== WORK TO COMPLETE ==
Each line below should be repeated exactly, but no picture should be carried over.
##### SUPPLIED DATA
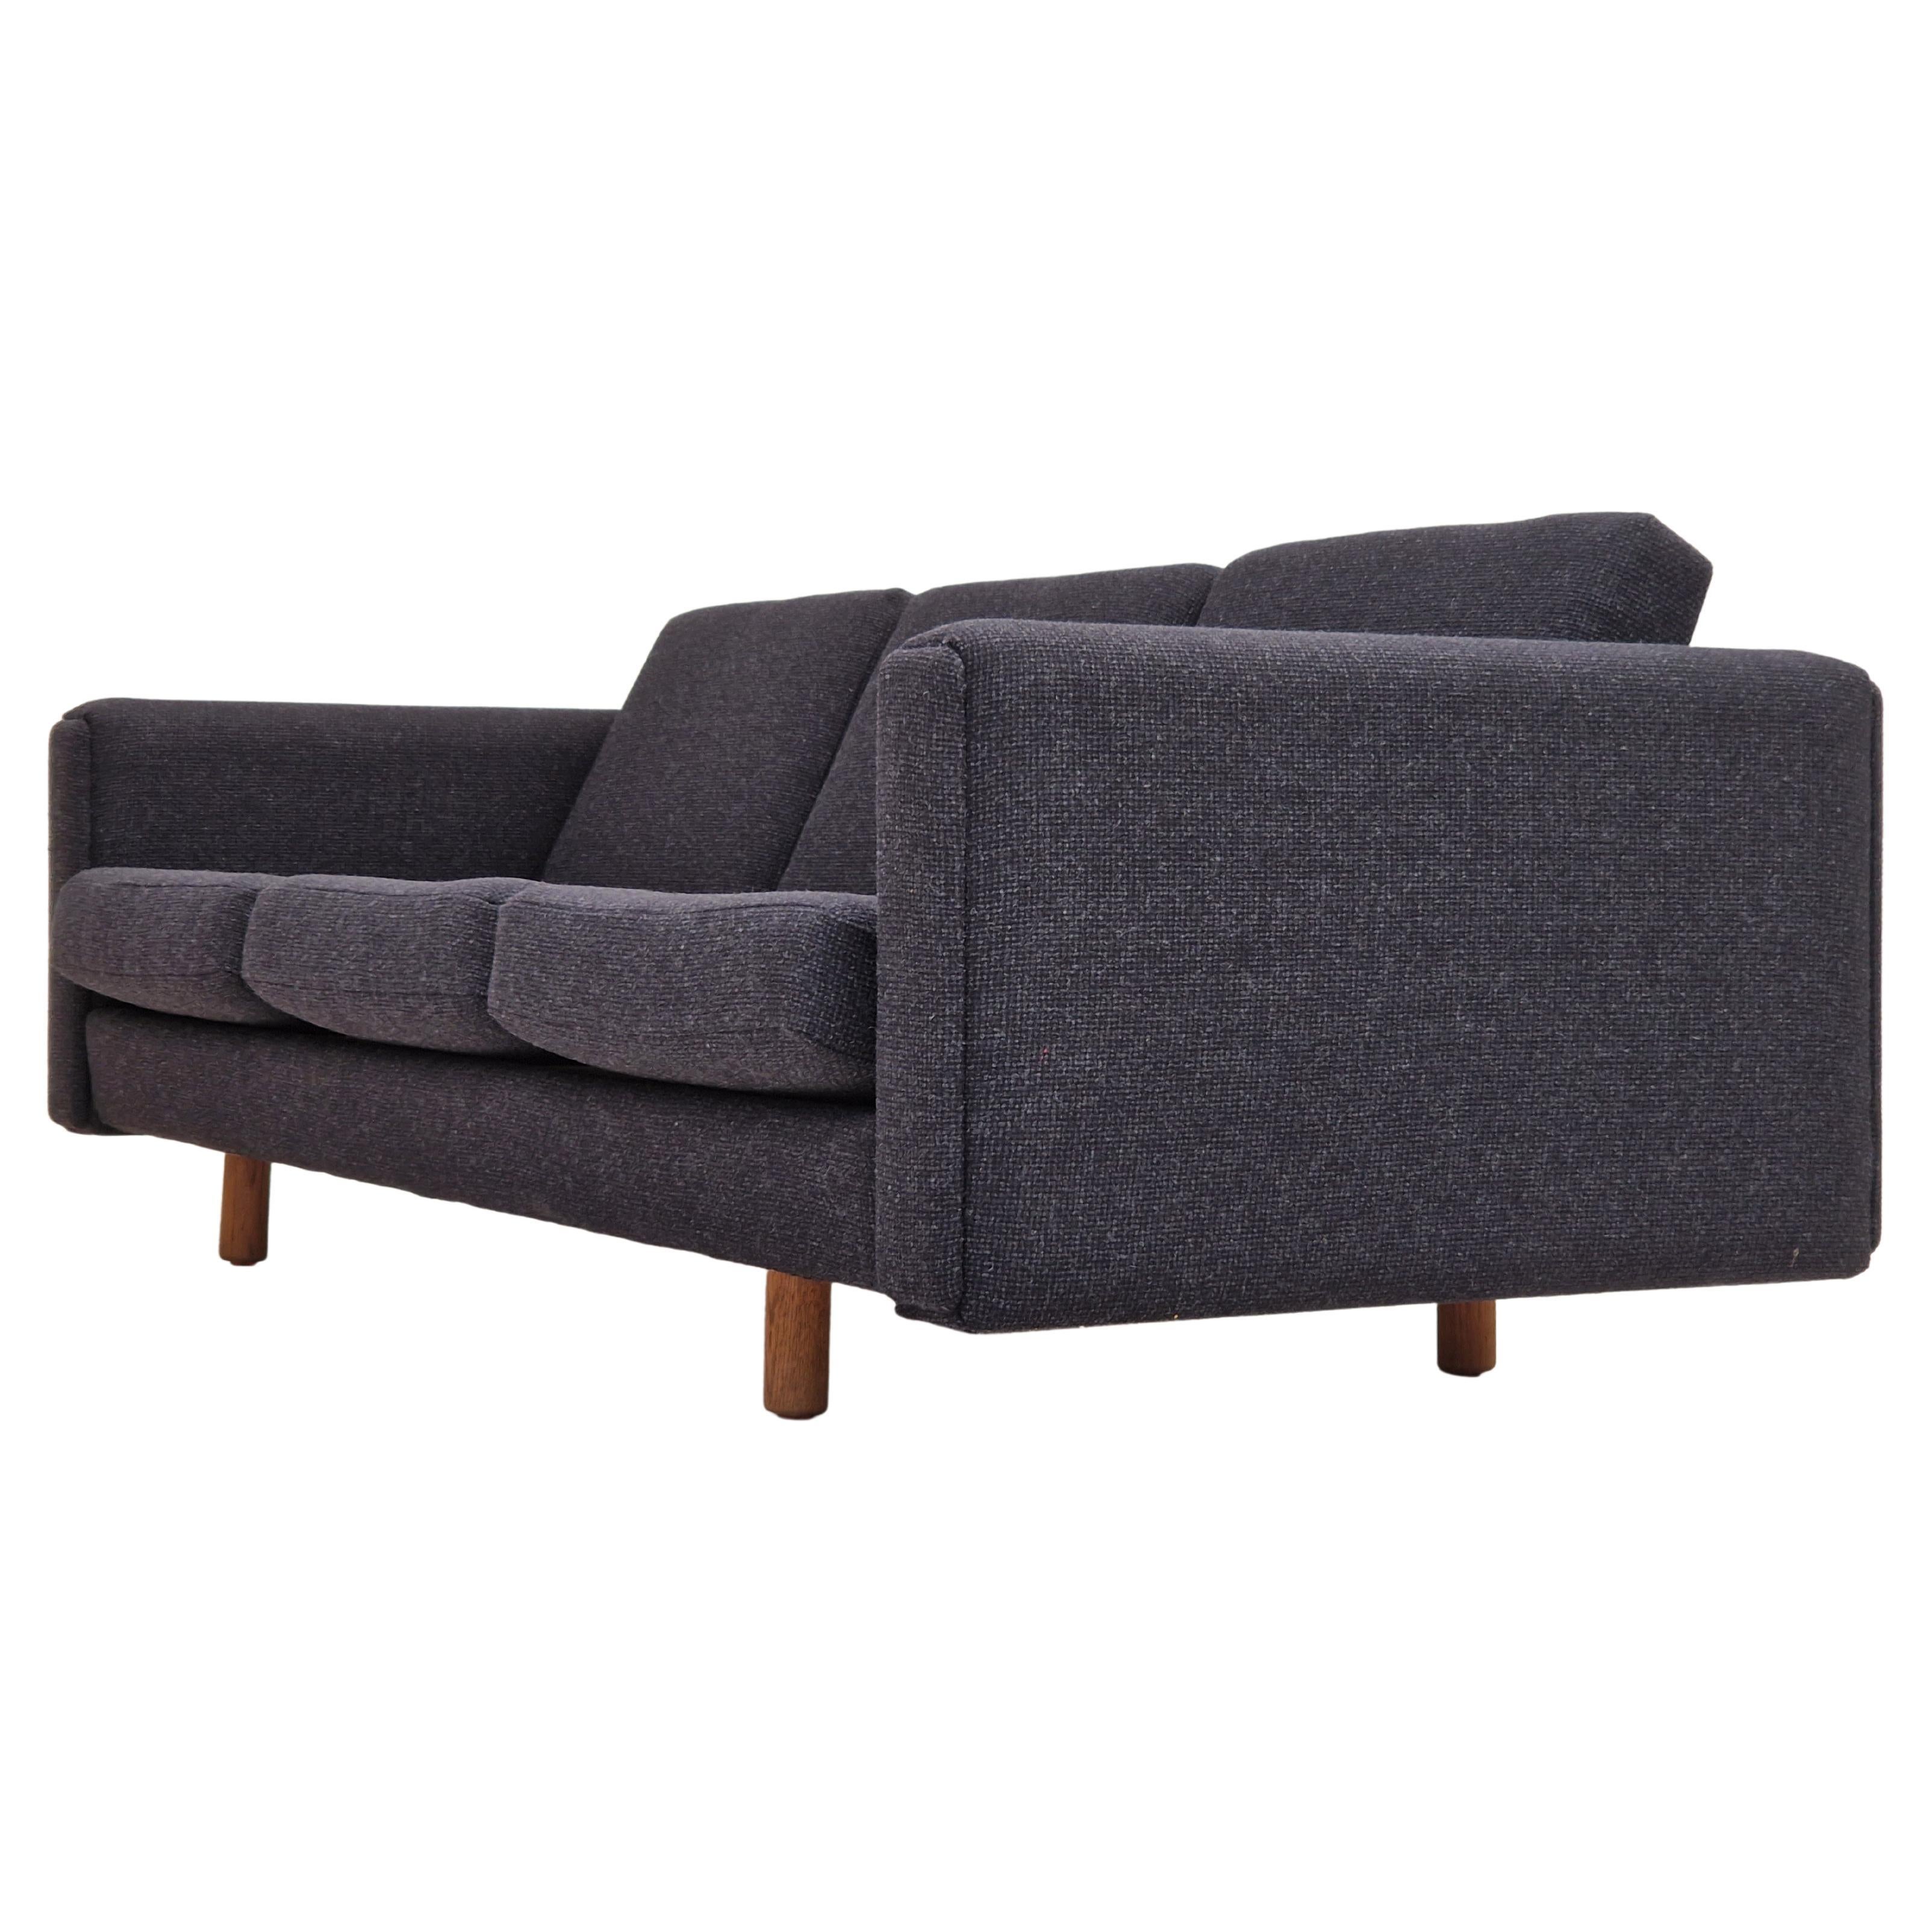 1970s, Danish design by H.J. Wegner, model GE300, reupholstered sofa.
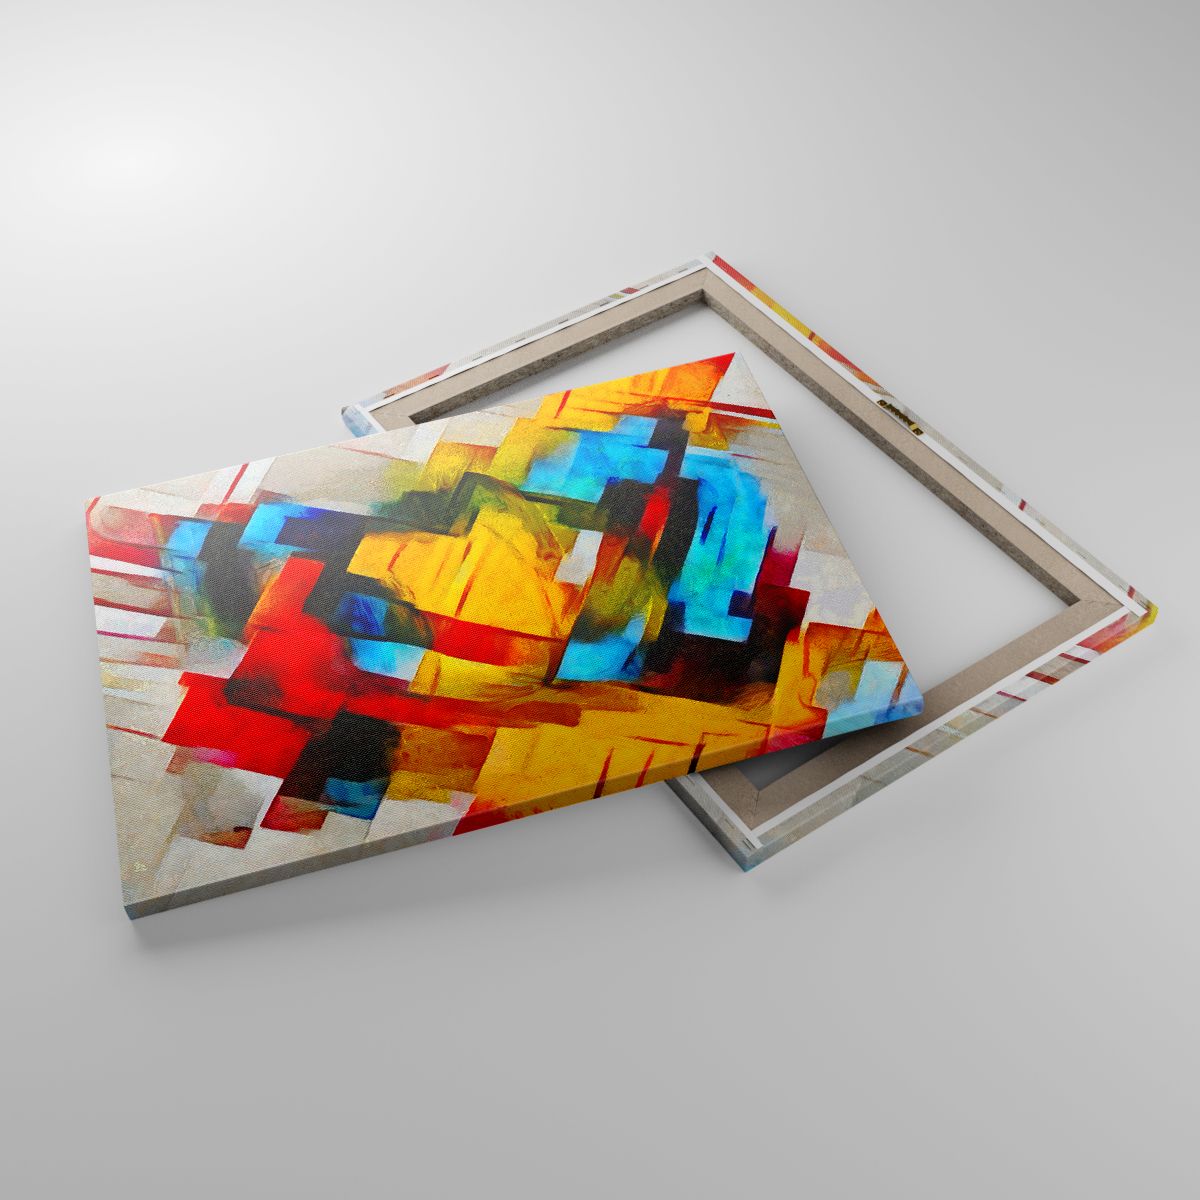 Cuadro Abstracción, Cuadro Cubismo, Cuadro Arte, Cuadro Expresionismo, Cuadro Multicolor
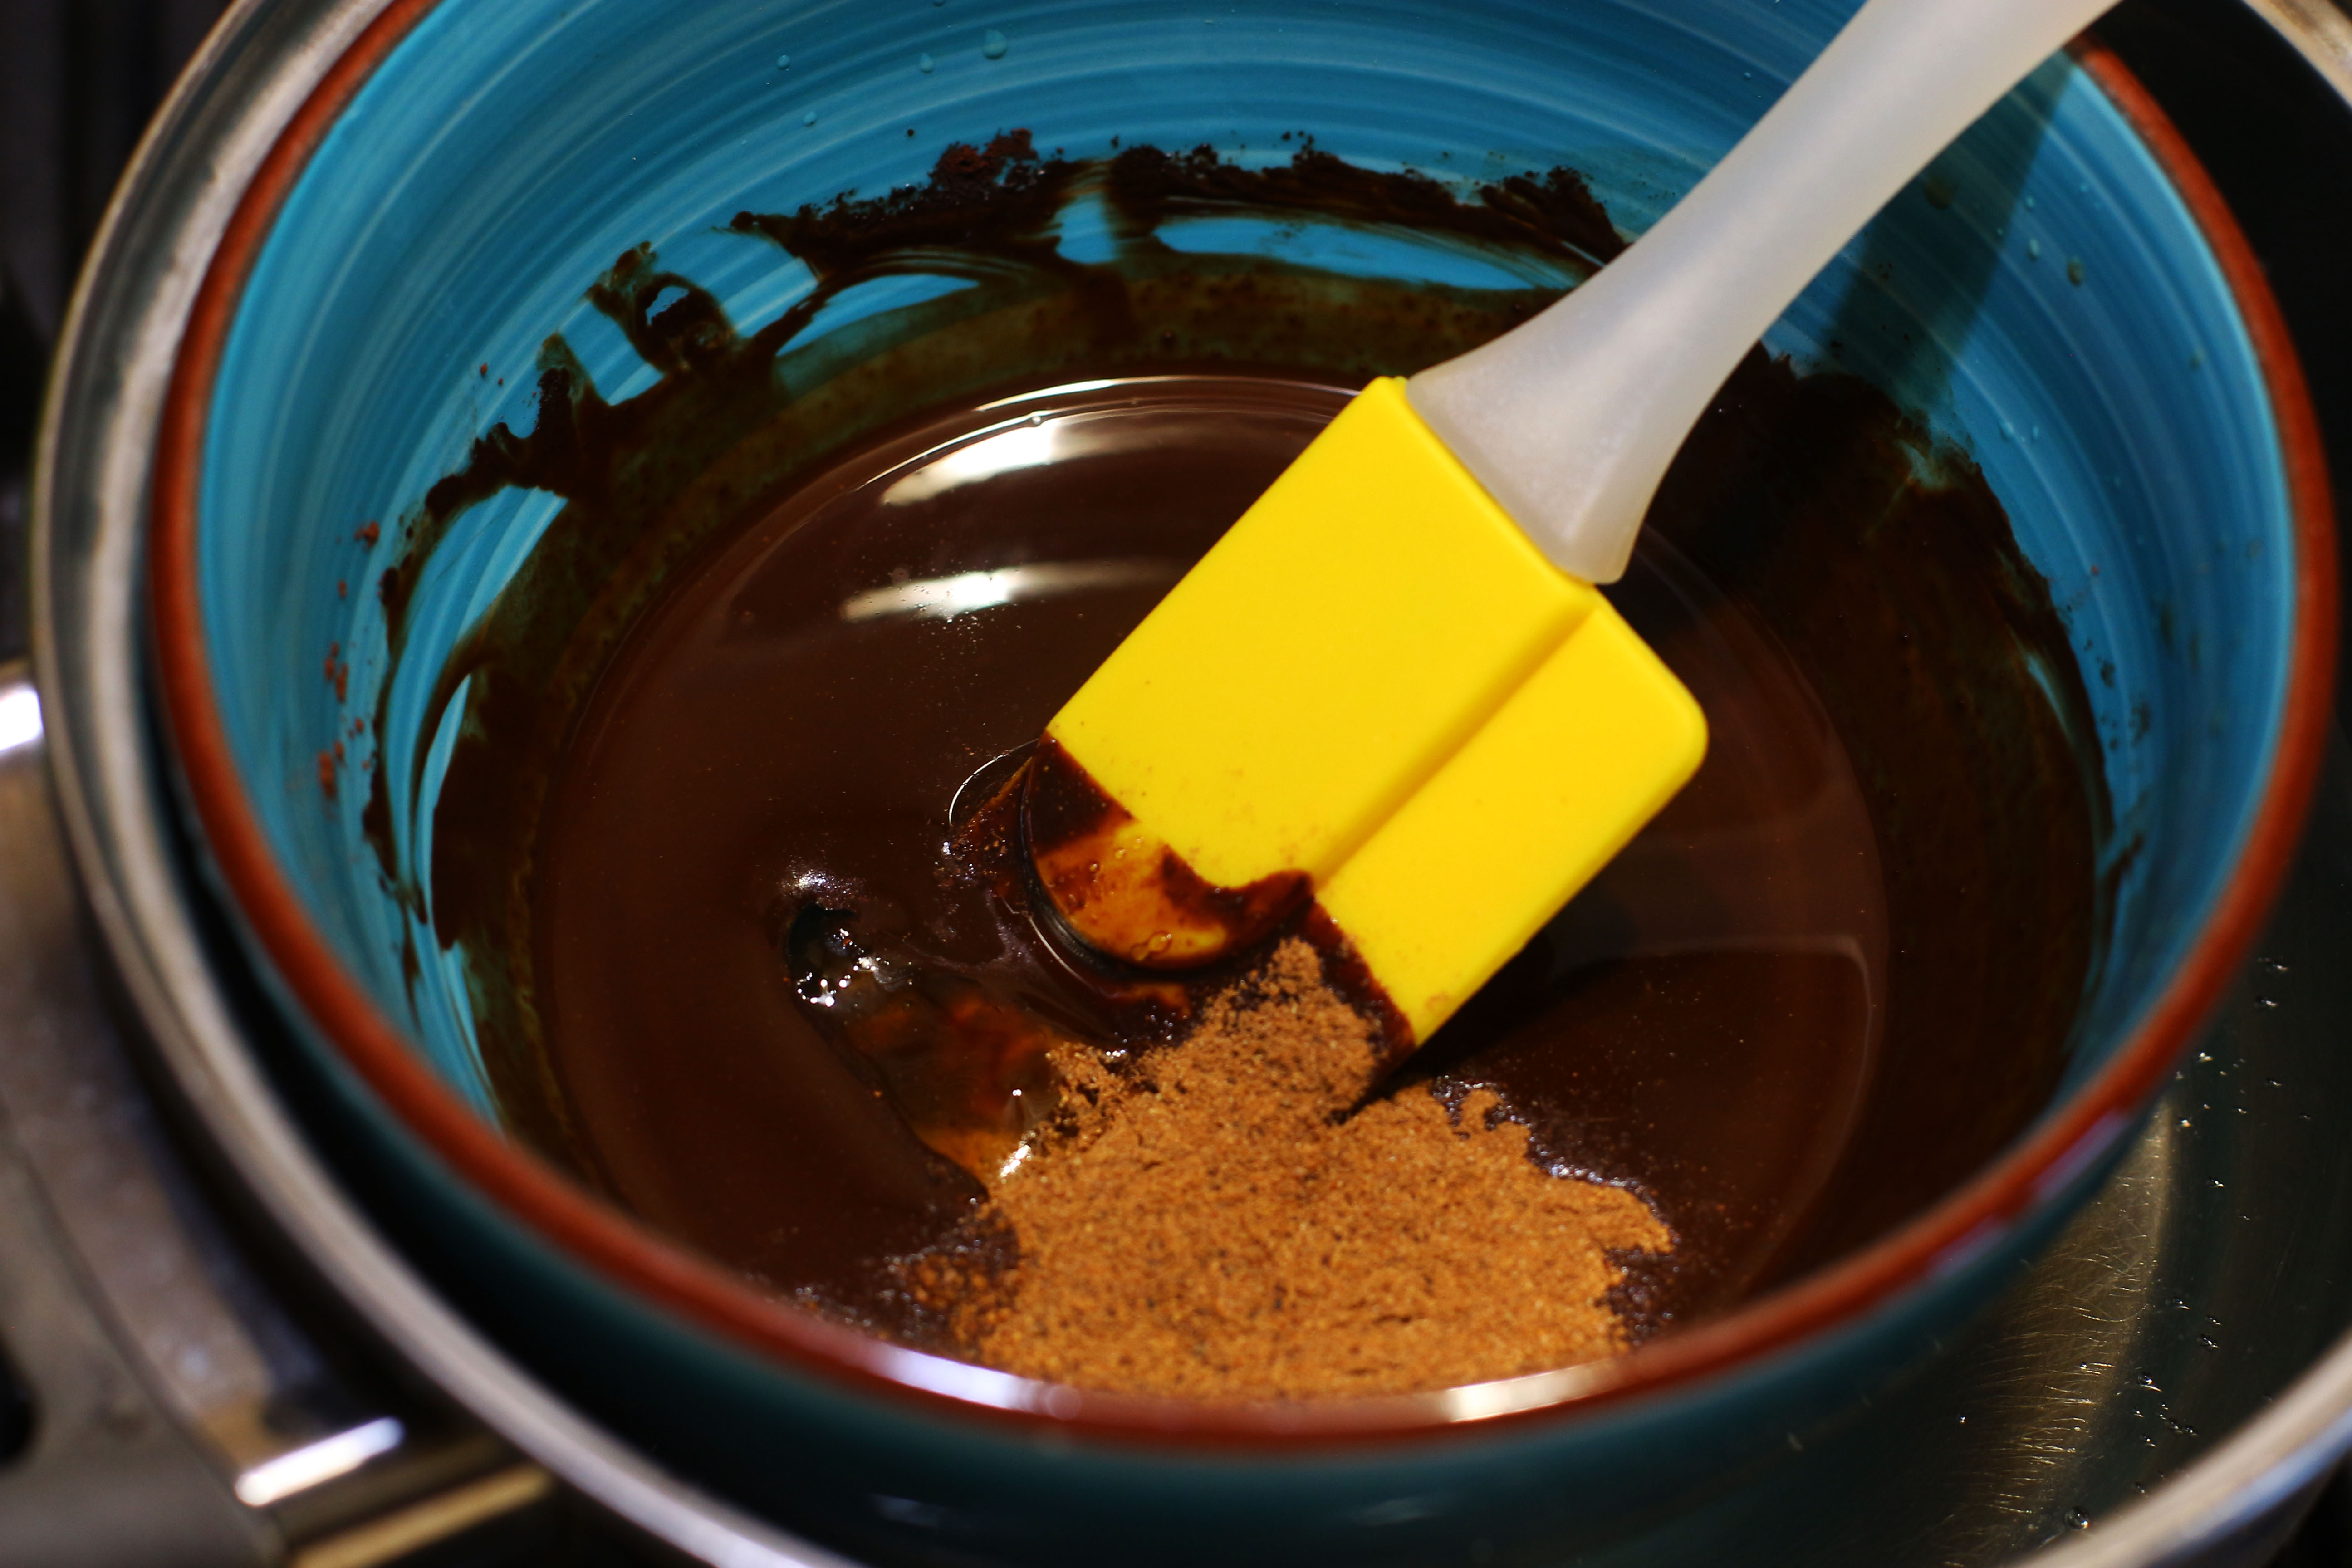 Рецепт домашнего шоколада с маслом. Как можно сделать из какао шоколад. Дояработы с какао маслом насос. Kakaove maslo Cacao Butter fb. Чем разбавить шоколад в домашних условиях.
##########
== TASK RESULT ==
 1970s, Danish design by H.J. Wegner, model GE300, reupholstered sofa.
 Cuadro Abstracción, Cuadro Cubismo, Cuadro Arte, Cuadro Expresionismo, Cuadro Multicolor
 Рецепт домашнего шоколада с маслом. Как можно сделать из какао шоколад. Дояработы с какао маслом насос. Kakaove maslo Cacao Butter fb. Чем разбавить шоколад в домашних условиях.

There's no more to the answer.